South Carolina Community Health Worker Association
Community Health Worker (CHW) is an umbrella term and includes community health representatives, promotores, peers, and other workforce members
CHWs share life experience, trust, compassion, and cultural value alignment with the communities where they live and serve.
Our values – self-determination, and self-empowerment of our workforce; integrity of character; dignity and respect for every human being; social justice and equity to ensure fair treatment, access, opportunity, and outcomes for all individuals and communities – guide our work. They are north stars we will use to support our members, foster partnerships, advocate nationally, develop strategic objectives, and assess our impact.
Community Health Workers may work in community-based organizations, like neighborhoods, housing, local libraries, and faith-based programs. CHWs also work in large health systems, Federally Qualified Health Centers, Rural Health Centers, public health agencies, and small private practices. Community Health Workers may also be found in organizations focused on addressing unmet needs, like legal services or assisting with agricultural workers.
While CHWs are focused on whole health and social factors that impact health outcomes, they may work in disease-specific programs, like maternal-child health, Sickle Cell, diabetes, or hypertension.
Community Health Workers:
- Are experts on overcoming challenges and barriers to living healthier, fuller lives
- Build trust by being unbiased, non-judgmental, and working with cultural humility
- Cultural mediation between communities, health care providers, and human service systems
- Provide culturally appropriate and understandable health education and information
- Connect people with the services and resources
- Advocate for individual and community needs
- Often serve as a bridge between community and health care
- Build individual and community capacity
- Don't provide Clinical or Personal Care
Community Health Worker Scope of Practice
CHWs can work with multiple types of partners, such as health care practitioners, managed care plans, human service organizations, and community-based organizations. Job duties typically involve three main components: Helping people navigate the health and human services system; providing culturally appropriate health education; and building individual and community capacity. CHWs are expected, to the fullest extent possible, to provide culturally and linguistically appropriate support, guidance, and encouragement for individuals and help them receive needed follow-up care.

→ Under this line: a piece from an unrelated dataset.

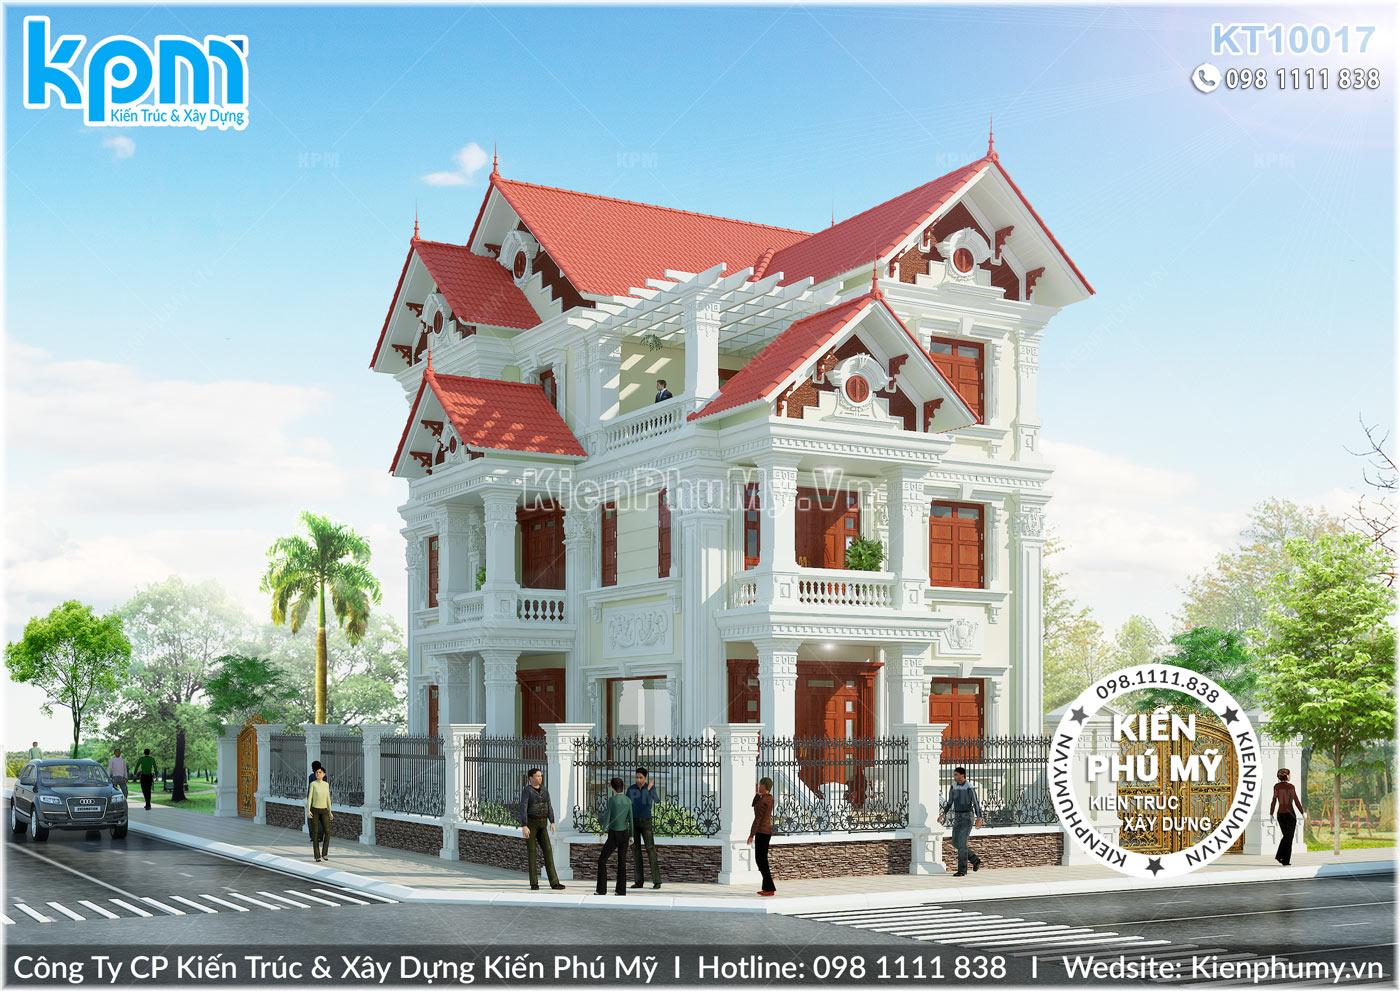 kiến trúc biệt thự tân cổ điển mái thái 3 tầng
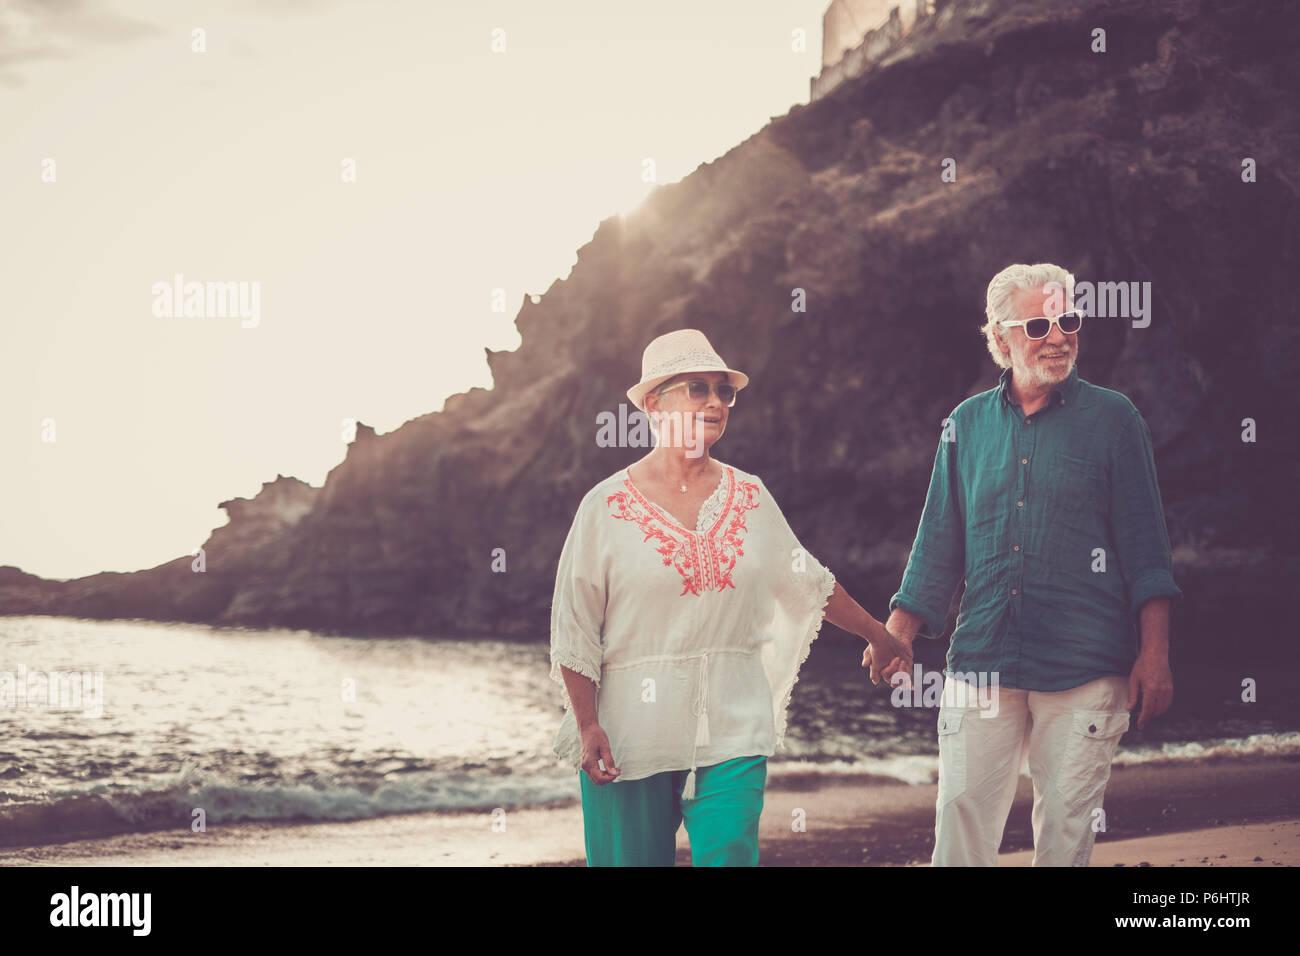 Felice senior adulto giovane in amore waing e sorridente godendo il periodo estivo sulla spiaggia e i pensionati lo stile di vita della loro nuova vita insieme dopo y Immagini Stock

CHWs should spend fifty (50) percent or more of their time working with individuals and/or groups in the community. The list below provides a general description of the types of duties a CHW may fulfill and therefore the CHW job description should include some combination of these duties.
This Scope of Work may further be defined by an employer, and, in some instances, CHWs may require additional licensure, credentials, training or certification to focus on a particular specialty issue (i.e. asthma, sickle cell anemia, HIV, maternal-fetal medicine).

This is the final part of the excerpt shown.